Weitere Ausstattungsmerkmale: 

  • Auch bei Yamaha kann man eine Delay-Time-Einstellung nun mittels OSD generell, und nicht mehr wie früher, nur über die Nachbearbeitung in einem individuellen DSP-Programm vornehmen. Der Regelbereich: 0,15 m bis 30,00 m in 0,15 m-Schritten (für Hauptlautsprecher, Centerlautsprecher, Surroundlautsprecher, Back Surround Lautsprecher). Front L/R und Surround L/R nur gemeinsam einstellbar.

  • Als wertvolles Feature verfügt der Yamaha DSP-AZ2 auch noch über einen Equalizer für die Anpassung des vorderen Centers. Dieser ermöglicht es, die Klangcharakteristik des vorderen Center-Speakers der der Hauptlautsprecher anzupassen (Regelbereich -6 bis +6 dB). Fünf Frequenzbänder (100 Hz, 300 Hz, 1 kHz, 3 kHz und 10 kHz) ermöglichen eine präzise Anpassung im gesamten Frequenzspektrum. Die Vorzüge in der Praxis: Wer einen Center mit klanglichen Eigenschaften verwendet, die sich von denen der Hauptlautsprecher unterschieden (das ist der Fall, wenn der Center von einer anderen Marke als die Hauptlautsprecher sind oder von der gleichen Marke, aber aus einer anderen Serie und daher mit anderer Klangcharakteristik versehen). Gleichzeitig kann mit Hilfe des Grafik-Entzerrers die oftmals zu mittenbetonte Charakteristik des Center-Speakers korrigiert werden.

  • Als ebenfalls nützliches Tool zum Anpassen des Equipments stellt sich die Low Frequency Test-Funktion heraus.
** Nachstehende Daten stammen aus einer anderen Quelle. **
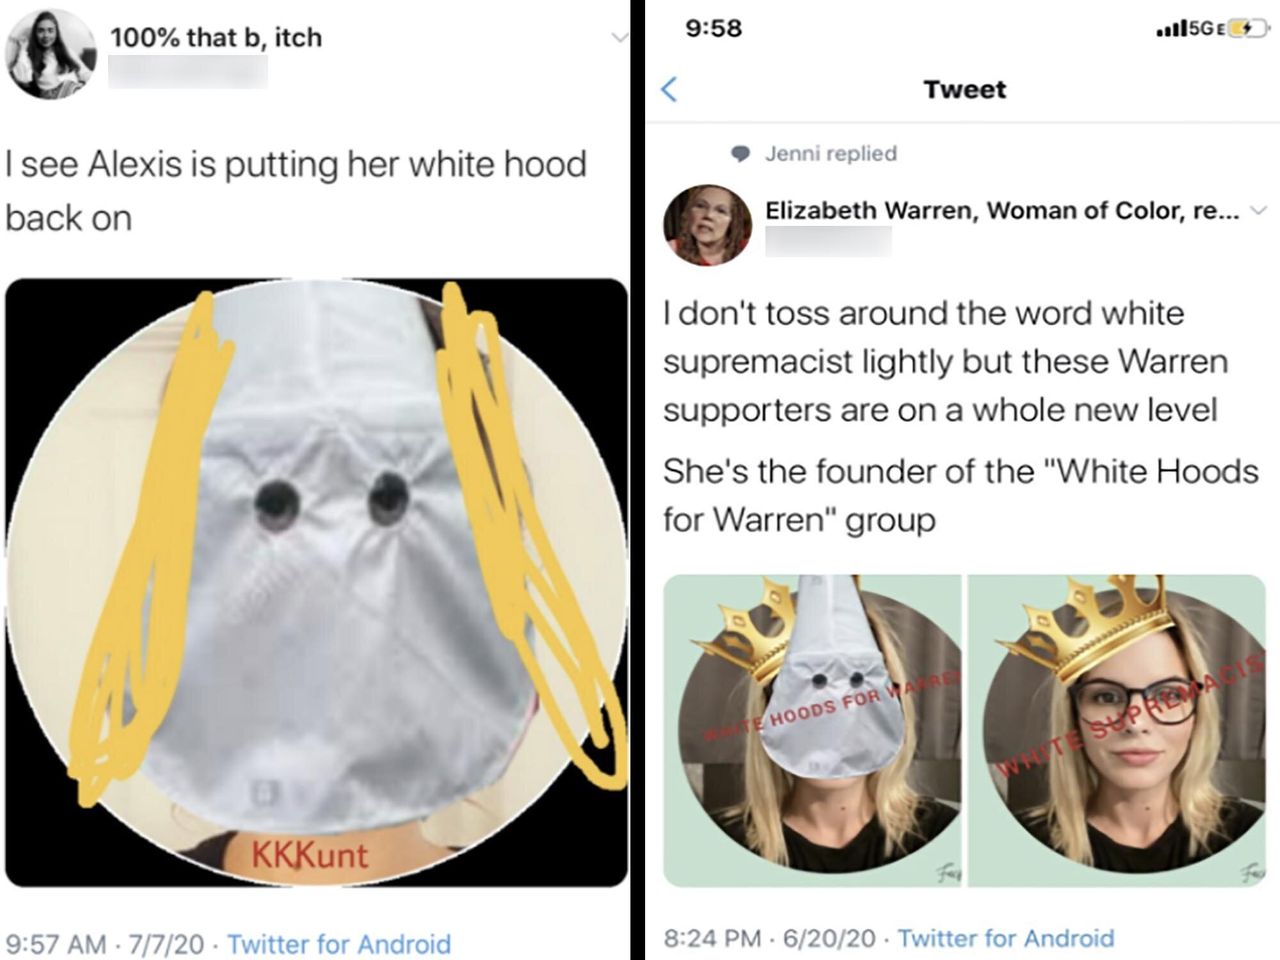 Multiple accounts lifted and photoshopped Lawson's profile image to show her wearing a Ku Klux Klan hood with the words "KKKunt" and "white supremacist."

Hiermit kann die Lautstärke des Front-Subwoofers an die Lautstärke der anderen Lautsprecher angepasst werden, damit keine Über- oder Unterbetonung und somit ein unausgeglichenes Klangbild die Folge ist. 
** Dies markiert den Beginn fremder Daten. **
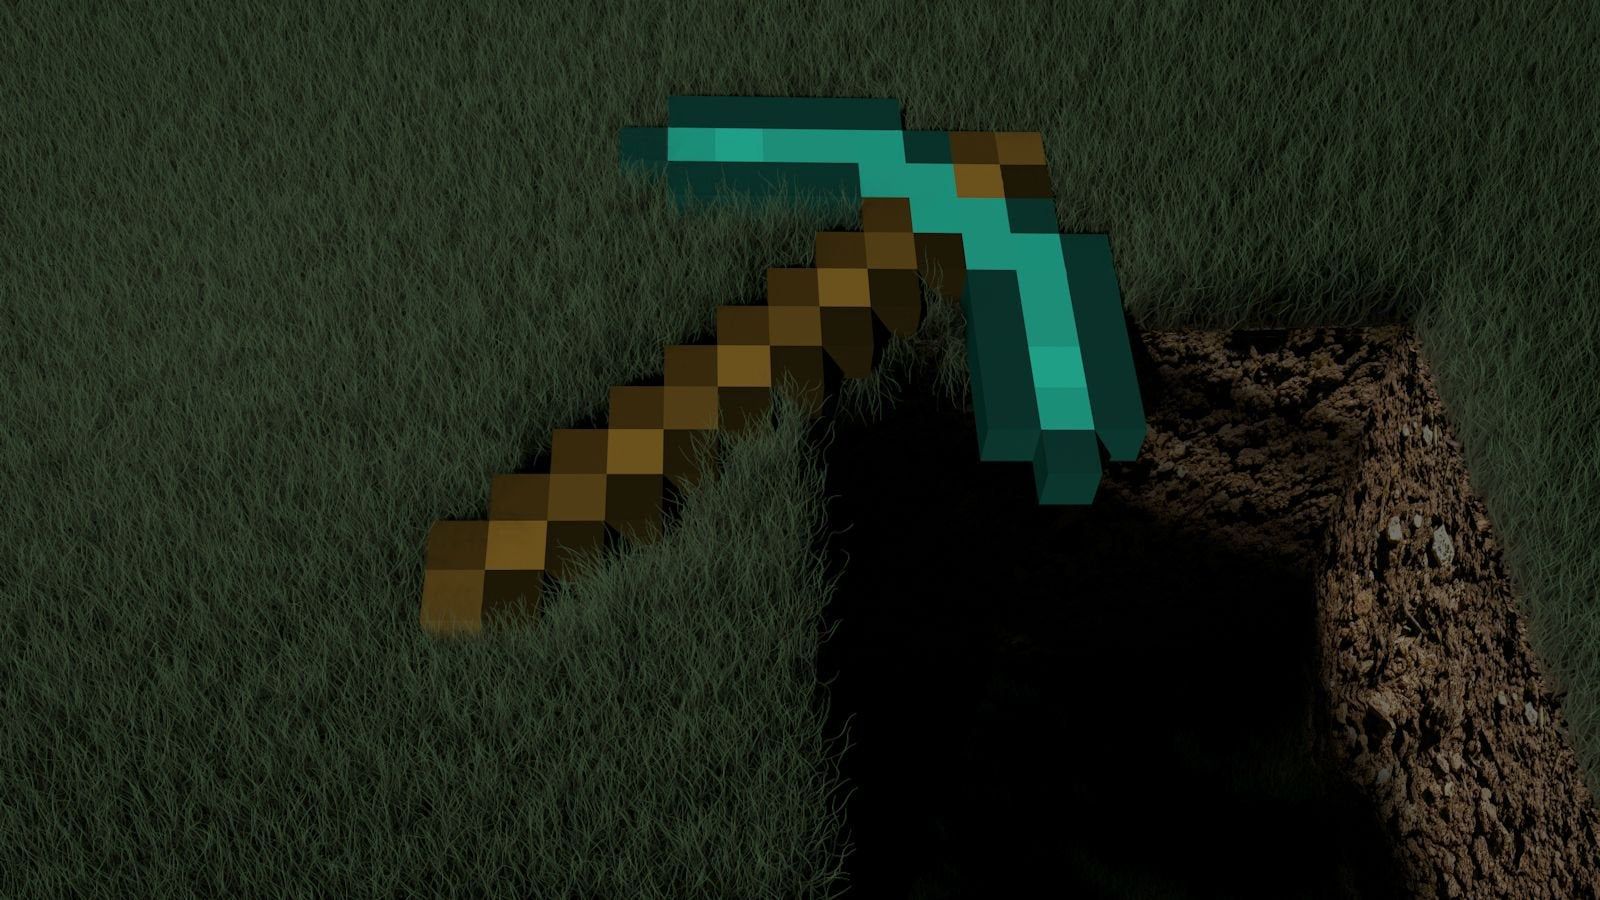 My less lazy diamond pickaxe wallpaper in Cinema 4D (you guys are hard to please)

  • Via "Input Rename" können den Eingängen eigene Namen zugewiesen werden.

  • Einstellmöglichkeiten für den Sechskanaleingang: Zuweisung der Bassinformation auf die Hauptkanäle, wer mit 4 Lautsprechern DVD Audio genießen möchte, kann die Center-Toninformationen auf die Hauptkanäle legen.

  • V CONV. (Video-Umwandlung): In der Einstellung "on" werden Composite-Signale in S-Video-Signale umgwandelt.